Of course. The sneaking and voice-changing should have cued him. "What do you want?"

"Only to cheer you up. The Fortress is becoming so terribly grim."

Homer nodded. He did not believe a word, of course. Dee was the Prince of Liars, and always oblique. He might indeed do some cheering up, but only as a means to an end.

Homer's suspicion was solidly grounded. His handicap betrayed him. Without vision he could not detect the evil Michael planned. Only on Dee's face was the wickedness obvious, and that for but an instant.

Dee had discovered Benjamin's Achilles' heel. He had gotten the information from the man's staunchest defender, his mother, simply by listening to her brag and worry.

"Would you like to get into the game, Homer? Benjamin is dueling. Maybe he'd give you a go."

"Duel a blind man? You're a fool, Dee."

"Oh, I'll help you. Here. Benjamin. Homer wants a try." Dee glanced over his shoulder. A droplet of sweat dribbled down one temple. Thurston's weapon still tracked him with deadly precision.
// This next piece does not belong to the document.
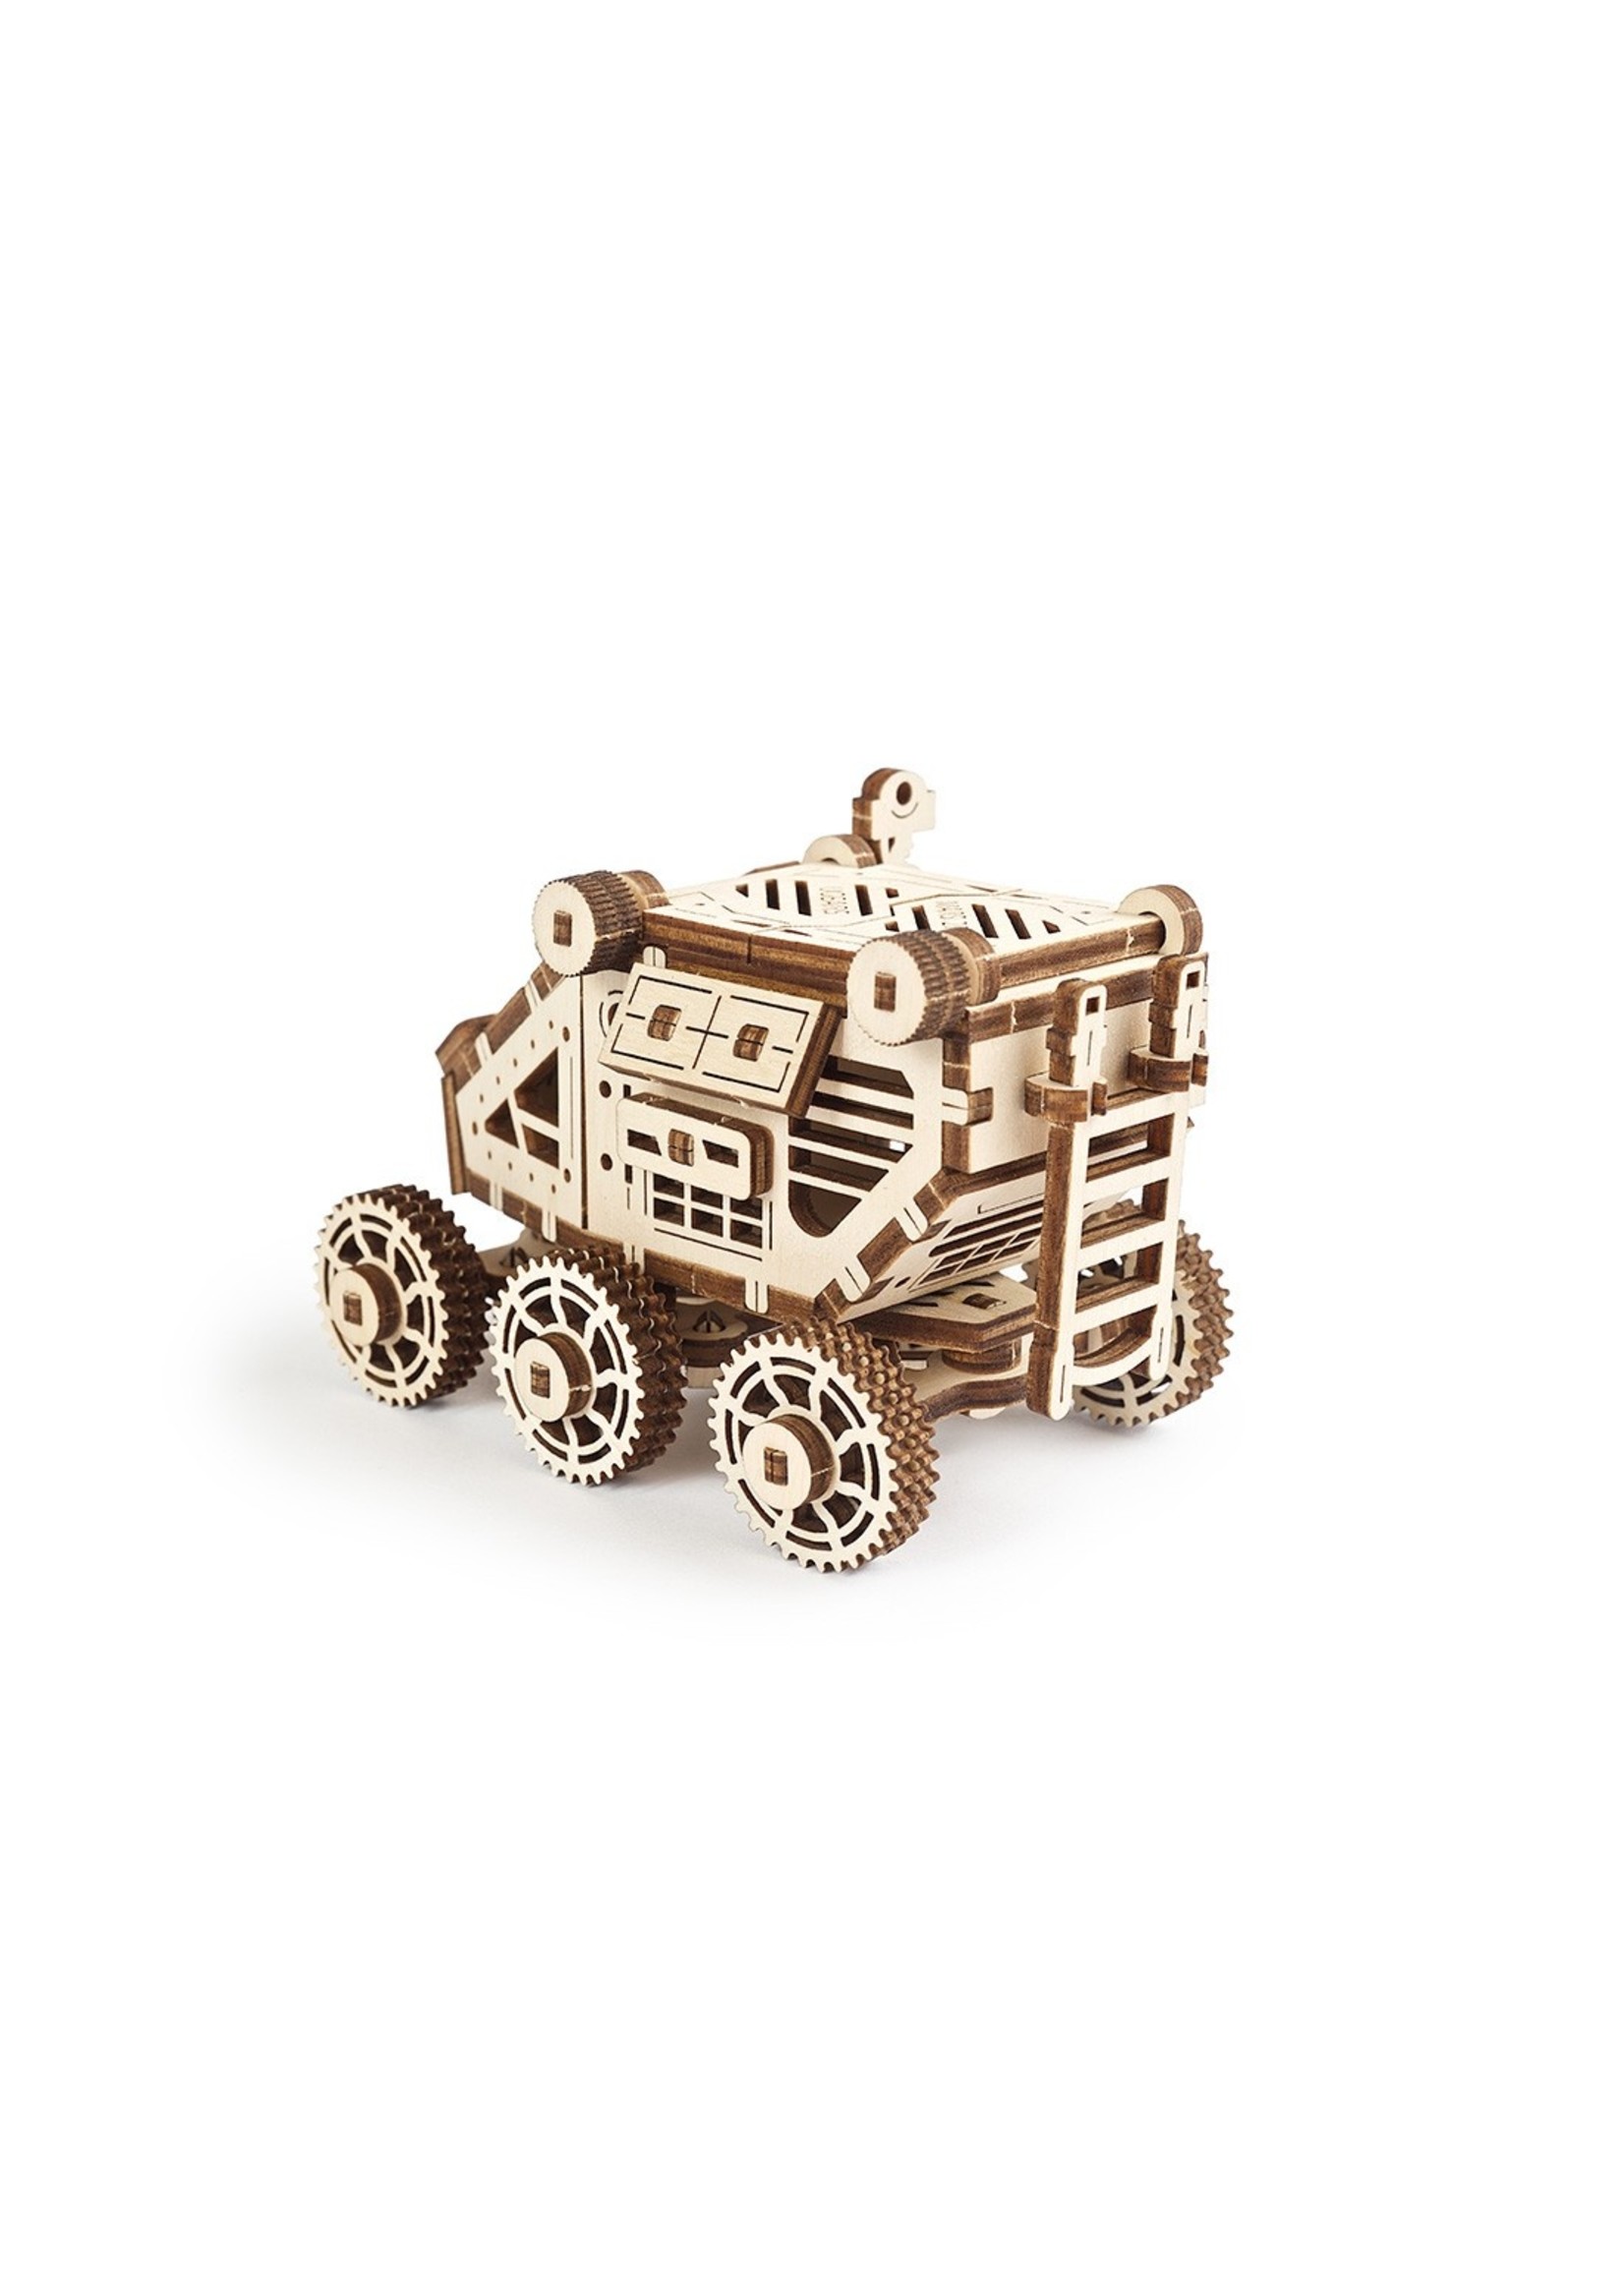 UGears - Mars Buggy Wooden Mechanical Model Kit - Hub Hobby

"Hell, why not?" Benjamin replied. "Come on, Homer. You'll probably do better than these clowns."

As was customary, the healthy stepped aside, condescending to allow the cripple his moment.
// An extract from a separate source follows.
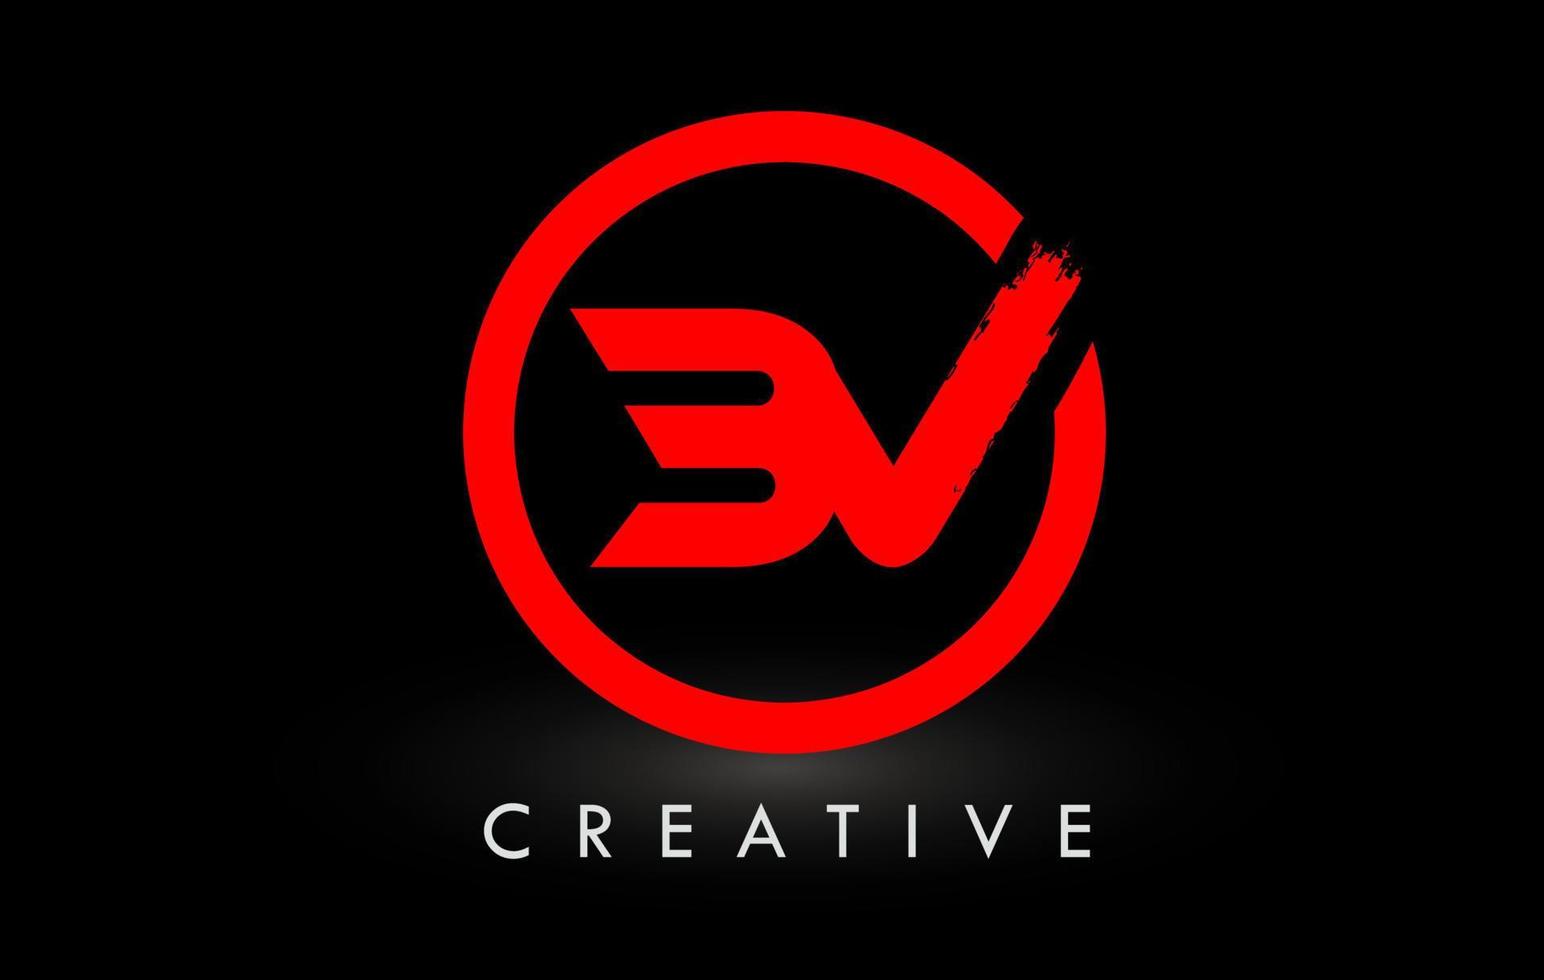 Red BV Brush Letter Logo Design. Creative Brushed Letters Icon Logo. vector

Glibly, smoothly, Dee talked Homer to his feet, placed a dueling knife in his hand, positioned him facing his twin. The gallery watched with amused smiles. Homer sensed their amusement. His temper soared.

"Count of three," Michael said, easing back, trying to place someone between himself and Thurston. "One... "

Benjamin, playing to his audience, presented his chest to Homer's blade. He could not be hurt. No known hand weapon could penetrate the protection of his armor.

"Two... "

Guided by Benjamin's breathing, Homer lunged. He wanted to knock Ben onto his showoff ass.

For a long moment after the drugged tip of the wooden blade slipped through armor proof against any metal there was absolute silence. The tableau became a freezeframe from an old-time movie. Then Benjamin and Homer screamed with one voice. Their psi forces locked. Their rage and pain reached out to envelop the Fortress. Benjamin folded slowly. Homer fainted, toppled onto Benjamin. His mind could not withstand the psi backwash from his twin. Women shrieked. Men shouted.

And as quietly as he had come to the blind brother, while even Thurston's attention was diverted, Michael Dee slipped away.

Pandemonium invaded the hall.

When Wulf arrived he found Thurston raging among a group of young officers trying to avenge Benjamin on Homer. The big man laid them out left and right while screaming for somebody to for God's sake get the twins down to Medical.